CIA Officers to the Rescue

The Cuban army installed several tons of TNT in each facility that November. To prevent tragedy, the CIA technicians orchestrated a secret operation with a few trusted Cuba cellmates. They would disarm the explosives by cutting a gap in the detonation cord without leaving telltale evidence that anyone had tampered with it.

Mission success made them jailhouse heroes; for the prisoners, TNT rigged to blow up under their feet was more frightful than the failed invasion or the Cuban missile crisis that would follow.

Freedom Comes Calling

A visitor came to see the American captives in March of 1963. It was James B. Donovan, the New York lawyer who had recently arranged the exchange of U-2 pilot Francis Gary Powers for a Soviet spy and bartered the release of the Cuban exiles captured during the Bay of Pigs operation. Donovan told Dave, Andy, and Wally that they would be coming out in another prisoner exchange. It was true.

One of five sheets of a calendar that Andy created during his captivity. On it, he recorded significant events (in his own code) and kept it hidden during prison contraband searches. He brought the calendar out with him when he was released.
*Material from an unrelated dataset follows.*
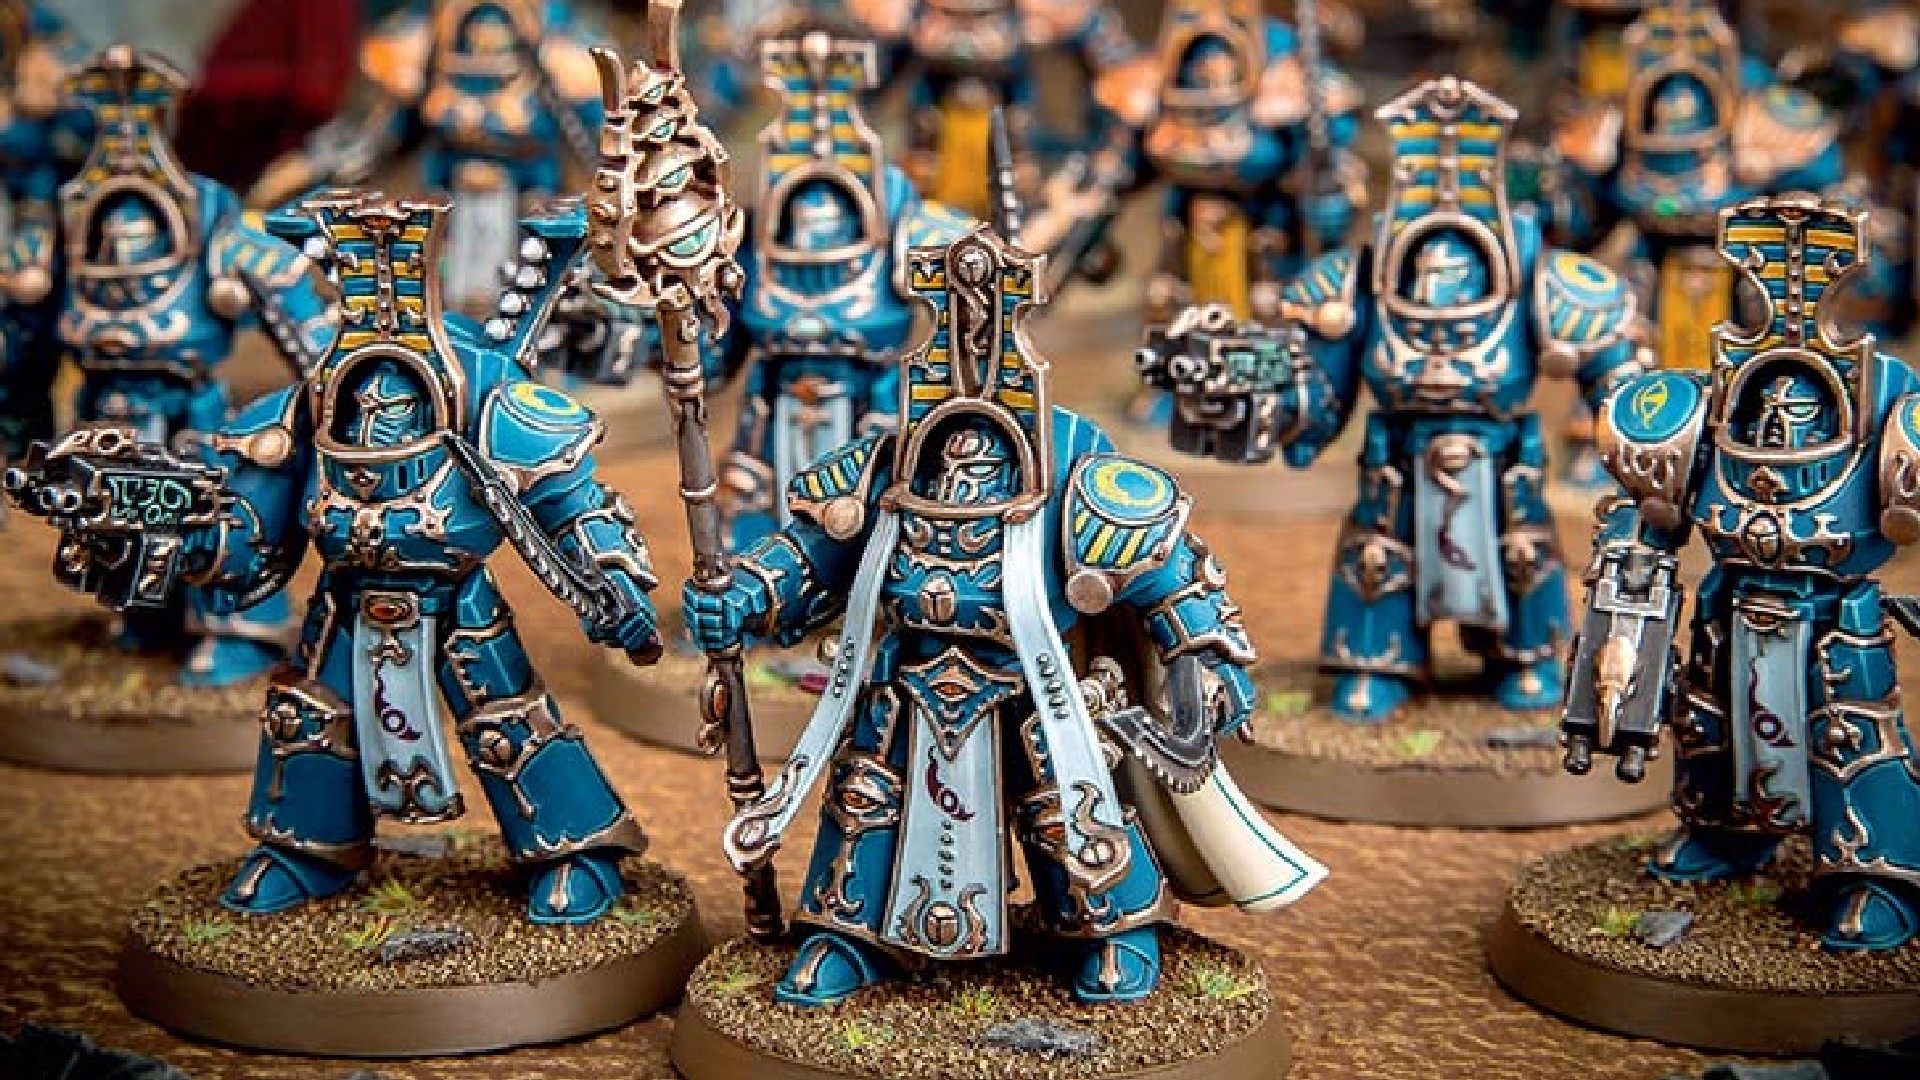 Start Competing: Thousand Sons Tactics

A month later, on April 21, 1963, Dave, Andy, and Wally were released along with 18 other American prisoners, to include the troubled American they had taken under their wing. Their hell had extended for 949 days. Sadly, on their flight back home, Wally was told that his mother had died while he was in captivity. The men, who should have been overjoyed for their freedom, instead sat and wept together.

Return to Duty

After reuniting with their families, they returned to work at CIA within the newly-established Directorate of Science & Technology. Despite their fortitude, the men received little fanfare because, during the intervening years, the Agency determined the Havana operation had been mismanaged; for instance, planners failed to post a lookout while the clandestine operation was underway, and the officers did not receive the usual pre-travel contingency training in the event that things went sideways.

Their exceptional conduct while in enemy hands finally came to the attention of then Director of Central Intelligence Stansfield Turner. In April 1979, Turner recognized each officer "for a voluntary act or acts of exceptional heroism involving the acceptance of existing dangers with conspicuous fortitude and exemplary courage." With that, Dave, Andy, and Wally each received the Distinguished Intelligence Cross—the Agency's highest honor for valor—but not before they had experienced more operational adventures and successes at CIA.